I’ve come to realize that in both marriage and singleness there is a unique set of joys and struggles, and from each position we get a different vantage point for understanding the character of God and the nature of the Kingdom.  Christians live in a state of “already-not-yet,” a paradoxical liminality—as we have been given victory over sin, and yet continue to struggle with it daily; as we know God is always with us, and yet we long to see Him face to face; as we are reconciled to God, and yet we yearn for the perfect reconciliation of all things.  Married people live as a picture of the “already,” the union that we already have with Christ, while single people live as a picture of the “not yet,” the hope for the coming return of the King.  And I suppose that’s the beauty of the Church, built of single and married people living as two contrasting images, to remind one another constantly of the paradox we live.  We remind each other of the goodness of the gospel for today, and of the hope of the gospel for tomorrow.  This is the beauty of the body, built of a variety of members, of eyes and ears and noses and hands and feet—where some are strong where others are weak, where some can go where others can’t reach, where some are blind while others can see.  So that together as a body we may see the Lord, hear His voice, feel His nearness, taste His goodness, and smell the sweet aroma of Christ.

A Posture of Prayer

As a child in Sunday School, I was always taught to bow my head, close my eyes, and fold my hands for prayer.  As I’ve grown older, I have moved away from this rigidity, as I often pray in situations where closing my eyes would be disastrous, like walking…or driving.  And yet, I find that there was purpose in what I was first taught.  Often, intentionally posturing our bodies is a way to begin to posture our hearts, whether it’s opening our hands to receive the benediction or bowing our heads in prayer.

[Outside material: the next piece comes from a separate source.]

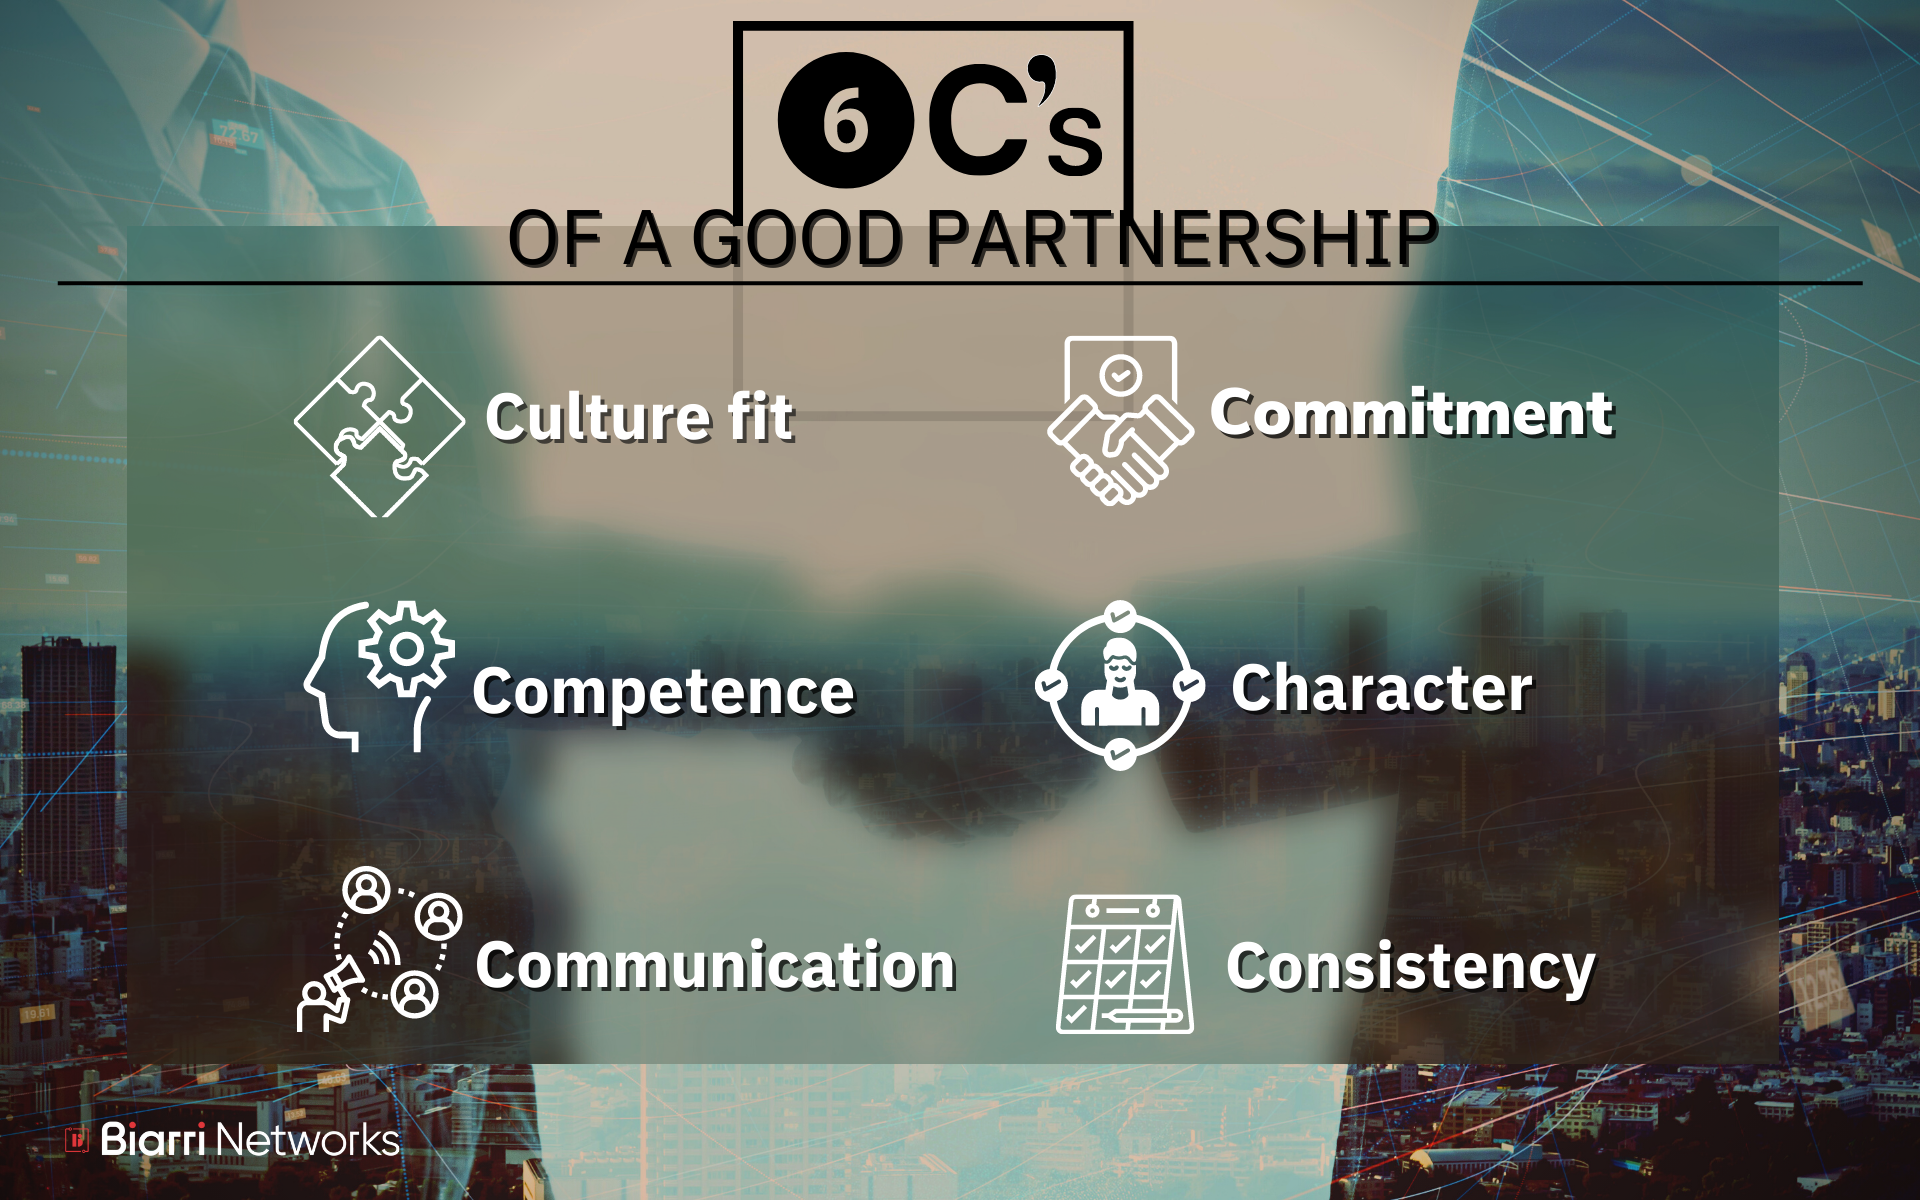 The 6 C's of a healthy partnership

I first jotted this down on February 28 of this year.  It was a time that I had set aside to pray, but I found myself so very distracted by everything around me.  I had to still myself to even begin to pray.
And this is the prayer that came out of that time:

Lord, I close my eyes
for they are so quick to distract my heart,
as they look to riches, trinkets—
baubles of such little worth.

Lord, I plug my ears
for there are so many voices
shouting for my attention,
speaking half-truths,
and whispering lies.

Lord, I fold my hands
for they always twitch,
anxious to busy themselves—
in an endless grasping to earn
what you, my Father provide.

Lord, I bow my head
for I am so often proud,
looking down on my brother
and looking up to heaven
as if I deserved to be on the throne.

So Lord, I ask for you
to open my eyes to gaze upon your beauty,
incline my ears to hear your voice,
steady my hands to do your will,
renew my mind to know your rule,
and soften my heart to know your love.